Hopefulkayte - Fab to have you here hun and I know how you feel I am also very cautious with my history of mmc's.
Yes early May sounds about right i think, I am 12+3 and I'm due May 27th, but yes have to wait and see.
Hubby won't let me get a doppler! I would otherwise! I don't mind though a lot of people have said to me don't do it etc, we are planning on announcing about a week or 2 before Christmas I will be 16/17 weeks and I have my 16w midwife appointment on December 10th and hoping she will let me hear the heart beat then i will feel more confident announcing, if not i will see my Dr an ask him to do it i think, although I have been eyeing up a fab offer that window to the womb are doing in Reading at the mo £60 you get to find out the gender get 4d scans get a check over etc and 4 photos etc so sounds good, and I am very tempted to do that although don't think hubby wants to! we will see. my 20w scan is 8th Jan.
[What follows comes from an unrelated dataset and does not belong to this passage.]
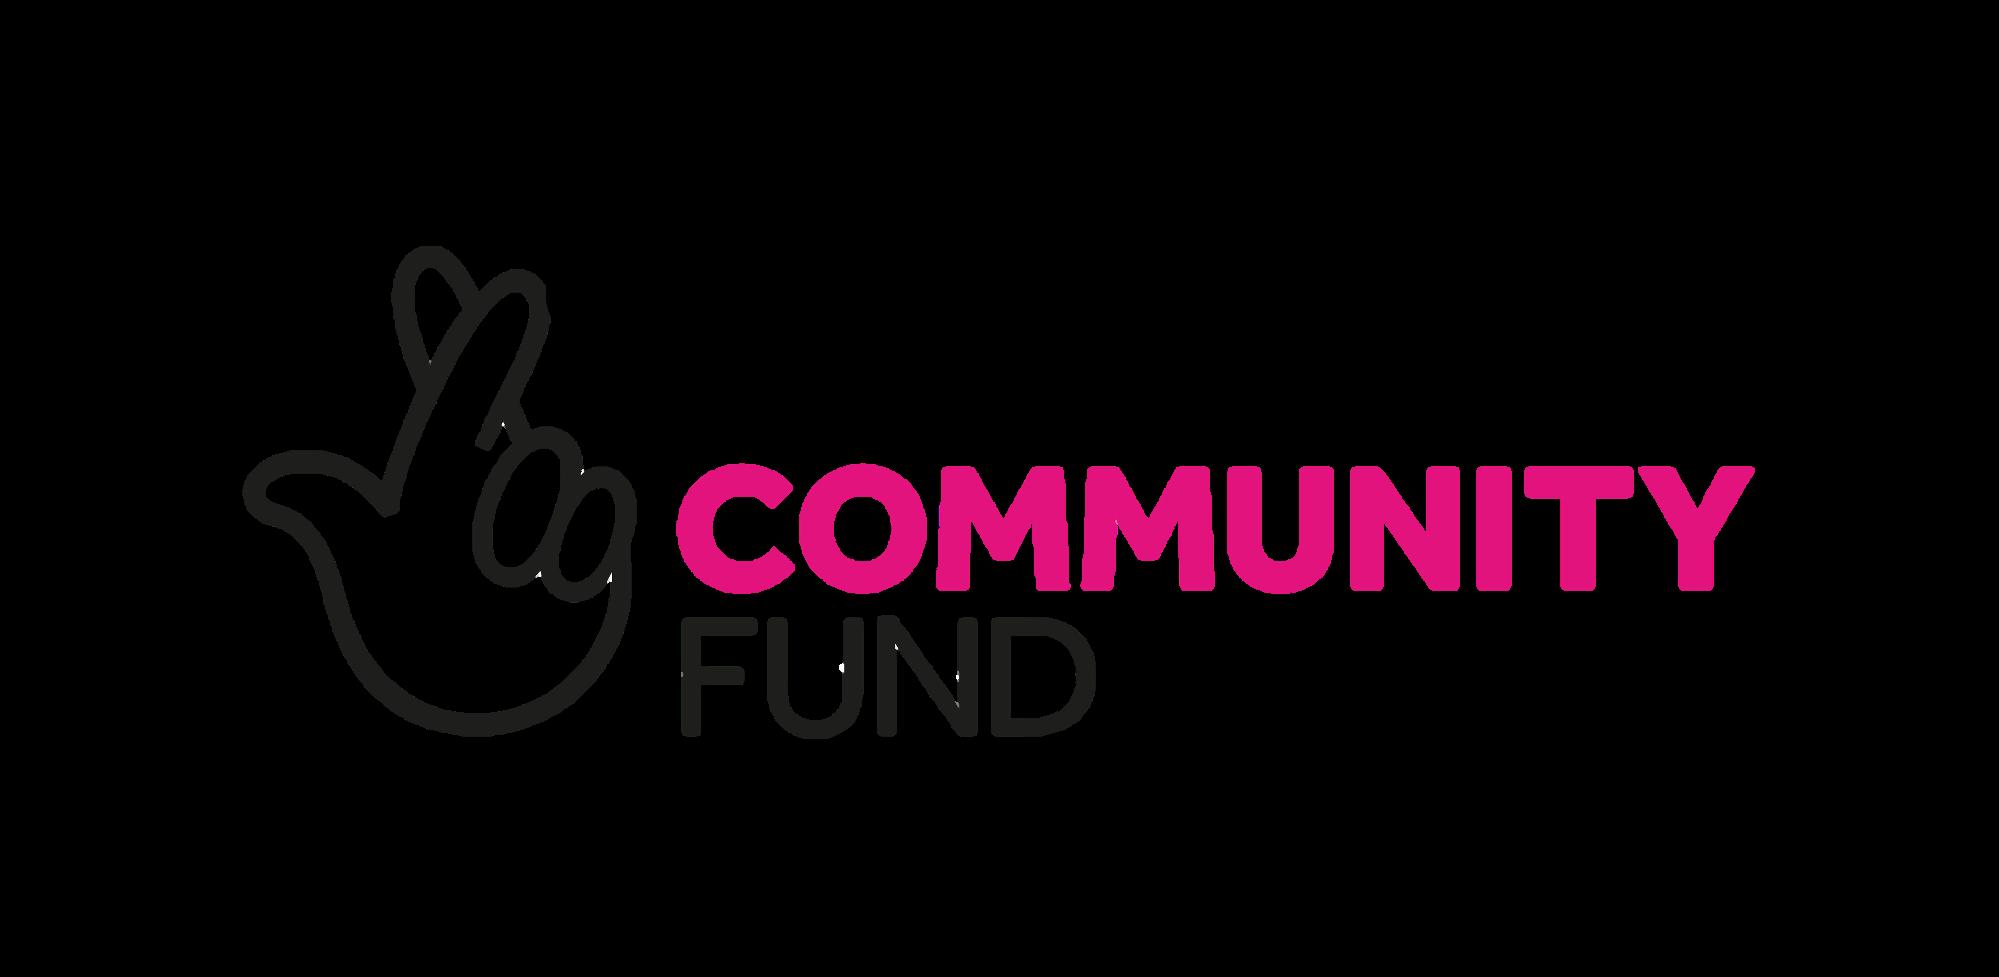 Lotto Community Fund

Currently I have told a few close friends and some family, as they all know we are having IVF. How about you? who ave you told and when will you announce?

AFM - STRETCH MARKS!  :( So i already have 2 that i have just noticed on my belly! and i started last night with palmers body butter for stretch marks, belly, hips and boobs! I know its all part of the magic and so its all to be expected but going to do my best to resist them! anyone else had any yet?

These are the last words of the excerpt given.